Abstract:
Periodontitis is a chronic inflammatory disease caused by Porphyromonas gingivalis and other bacteria, and human periodontal ligament stem cells (hPDLSCs) are a promising candidate for the treatment of periodontal supporting tissue defects. This study aimed to investigate the effect of 1α,25-dihydroxyvitamin D3 [1,25(OH)2VitD3] on osteogenic differentiation of hPDLSCs in an in vitro periodontitis model and whether it can improve inflammatory status. hPDLSCs were in vitro isolated and identified. After treatment with 1,25(OH)2VitD3 and ultrapure pure Porphyromonas gingivalis lipopolysaccharide (LPS-G), the viability of hPDLSCs was detected using Cell Counting Kit-8, the expressions of osteogenic markers and inflammatory genes using Western blotting and quantitative reverse transcription PCR (qRT-PCR), the levels of inflammatory factors in cells using enzyme linked immunosorbent assay (ELISA), and the fluorescence signal intensity of osteoblastic markers and inflammatory genes in cells using immunofluorescence assay. It was found that 1,25(OH)2VitD3 reversed the inhibition of hPDLSCs proliferation by LPS-G; LPS-G exhibited inhibitory effect on ALP, Runx2, and OPN expressions, and such inhibitory effect was significantly weakened when co-acting with 1,25(OH)2VitD3. Meanwhile, LPS-G upregulated the expressions of inflammatory genes IL-1β and Casp1, whereas 1,25(OH)2VitD3 antagonized such an effect and improved the inflammatory status.

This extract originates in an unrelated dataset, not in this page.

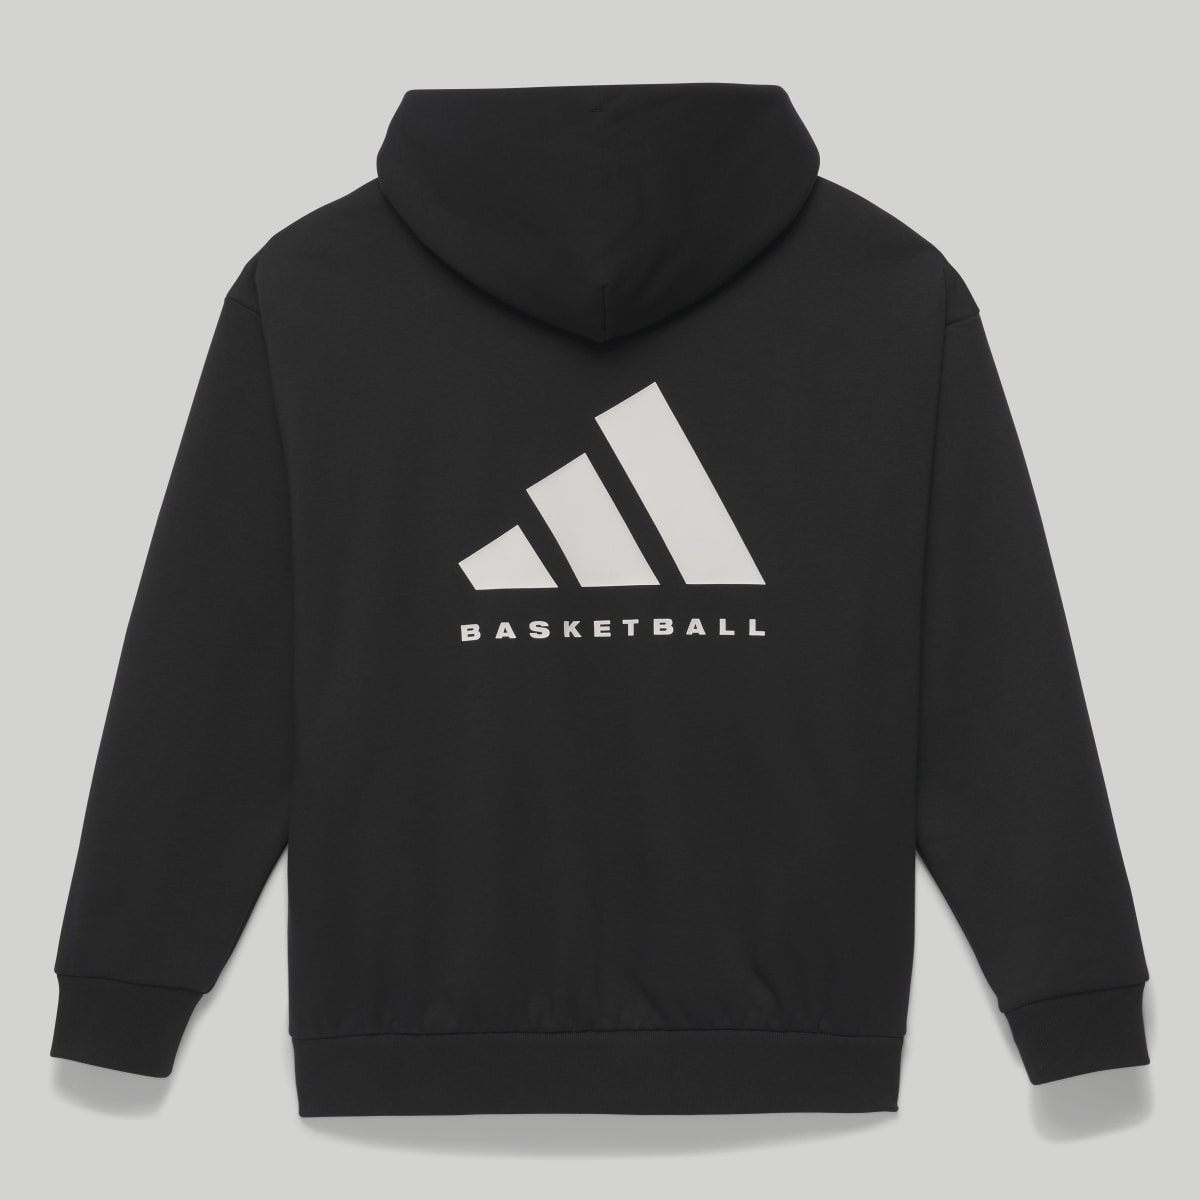 Adidas Basketball Hoodie. 4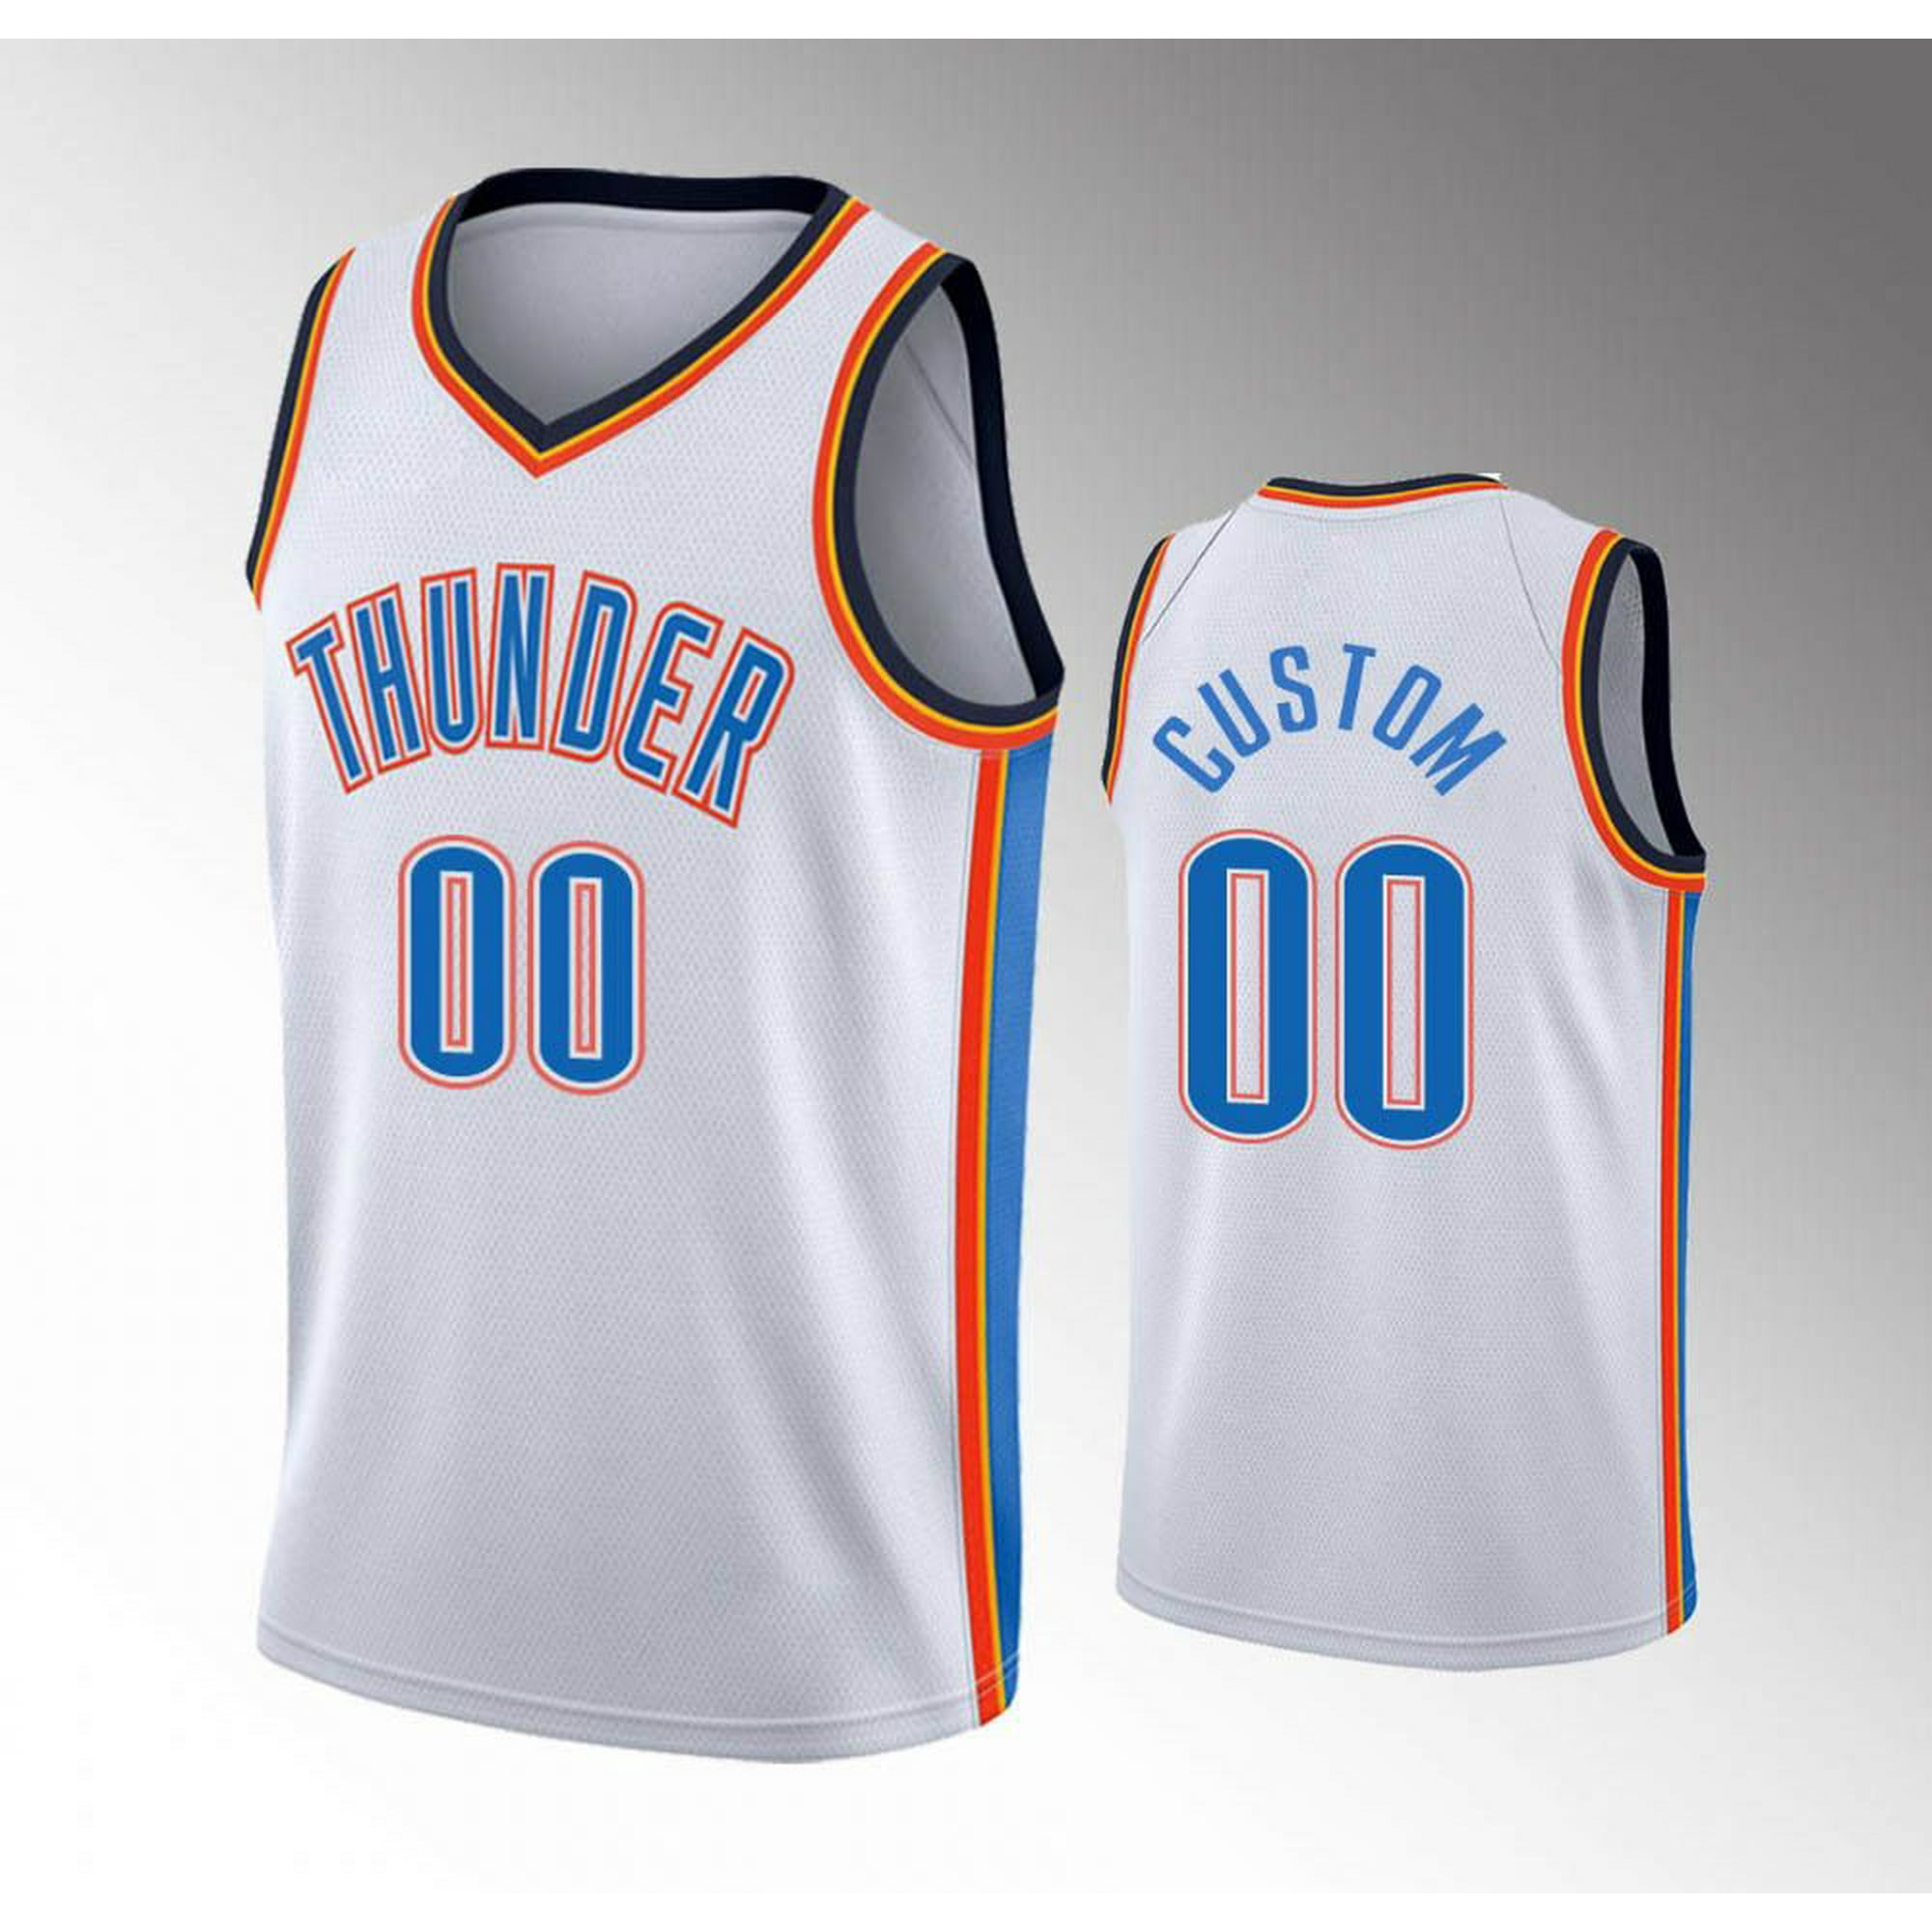 Oklahoma City Thunder Jerseys, Thunder Jersey, Oklahoma City

In conclusion, 1,25(OH)2VitD3 can reverse the inhibitory effect of LPS-G on hPDLSCs proliferation and osteogenic differentiation and suppress LPS-G-induced upregulation of inflammatory gene expressions.
摘要:
牙周炎是由牙龈卟啉单胞菌和其他细菌引起的慢性炎症性疾病,和人牙周膜干细胞(hPDLSCs)是治疗牙周支持组织缺损的有希望的候选者。本研究旨在探讨1α的作用,25-二羟维生素D3[1,25(OH)2VitD3]对体外牙周炎模型hPDLSCs成骨分化的影响及其是否能改善炎症状态.体外分离和鉴定hPDLSC。用1,25(OH)2VitD3和超纯牙龈卟啉单胞菌脂多糖(LPS-G)处理后,细胞计数试剂盒-8检测hPDLSCs的活力,蛋白质印迹和定量逆转录PCR(qRT-PCR)检测成骨标志物和炎症基因的表达,使用酶联免疫吸附试验(ELISA)检测细胞中炎症因子的水平,用免疫荧光法检测细胞中成骨细胞标志物和炎症基因的荧光信号强度。发现1,25(OH)2VitD3逆转了LPS-G对hPDLSCs增殖的抑制作用;LPS-G对ALP有抑制作用,Runx2和OPN表达式,当与1,25(OH)2VitD3共同作用时,这种抑制作用明显减弱。同时,LPS-G上调了炎症基因IL-1β和Casp1的表达,而1,25(OH)2VitD3则拮抗了这种作用并改善了炎症状态。总之,1,25(OH)2VitD3可以逆转LPS-G对hPDLSCs增殖和成骨分化的抑制作用,抑制LPS-G诱导的炎症基因表达上调。